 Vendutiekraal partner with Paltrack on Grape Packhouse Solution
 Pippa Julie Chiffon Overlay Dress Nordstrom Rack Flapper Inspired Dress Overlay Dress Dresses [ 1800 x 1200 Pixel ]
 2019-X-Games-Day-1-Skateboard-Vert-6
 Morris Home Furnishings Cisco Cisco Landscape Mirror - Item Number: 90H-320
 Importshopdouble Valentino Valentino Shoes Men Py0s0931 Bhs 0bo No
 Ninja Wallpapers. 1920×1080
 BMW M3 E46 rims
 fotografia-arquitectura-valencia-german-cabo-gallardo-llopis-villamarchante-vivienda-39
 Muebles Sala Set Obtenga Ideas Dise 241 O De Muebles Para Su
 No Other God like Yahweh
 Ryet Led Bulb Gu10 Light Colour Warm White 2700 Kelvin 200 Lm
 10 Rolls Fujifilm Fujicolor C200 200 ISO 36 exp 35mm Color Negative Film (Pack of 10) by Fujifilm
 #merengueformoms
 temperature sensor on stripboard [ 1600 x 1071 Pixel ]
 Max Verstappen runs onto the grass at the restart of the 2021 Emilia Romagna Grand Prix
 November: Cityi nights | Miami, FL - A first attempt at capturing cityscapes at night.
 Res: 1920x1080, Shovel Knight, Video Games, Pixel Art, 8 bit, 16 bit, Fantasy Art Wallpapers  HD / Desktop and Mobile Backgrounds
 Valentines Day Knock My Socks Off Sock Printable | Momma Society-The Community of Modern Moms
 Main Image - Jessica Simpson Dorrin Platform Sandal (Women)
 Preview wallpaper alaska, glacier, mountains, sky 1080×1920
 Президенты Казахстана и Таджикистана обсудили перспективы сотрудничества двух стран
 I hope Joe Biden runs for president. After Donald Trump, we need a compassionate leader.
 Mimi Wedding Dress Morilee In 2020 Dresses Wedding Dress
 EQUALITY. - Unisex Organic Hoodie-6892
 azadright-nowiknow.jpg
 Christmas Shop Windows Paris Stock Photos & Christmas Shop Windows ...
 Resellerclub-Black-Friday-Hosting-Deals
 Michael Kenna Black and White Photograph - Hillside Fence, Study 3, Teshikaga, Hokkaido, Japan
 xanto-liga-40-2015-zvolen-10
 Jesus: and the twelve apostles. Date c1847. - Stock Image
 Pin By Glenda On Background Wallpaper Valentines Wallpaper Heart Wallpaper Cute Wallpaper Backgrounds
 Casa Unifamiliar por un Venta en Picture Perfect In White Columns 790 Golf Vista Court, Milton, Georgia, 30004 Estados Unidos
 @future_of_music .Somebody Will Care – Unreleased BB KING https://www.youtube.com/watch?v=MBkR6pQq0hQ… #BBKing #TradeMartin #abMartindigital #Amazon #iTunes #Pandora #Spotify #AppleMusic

********

PROBLEM: Only a number belongs in the answer: the number of lines in the preceding data that hold "Backgrounds".

COMPLETED EXERCISE: 2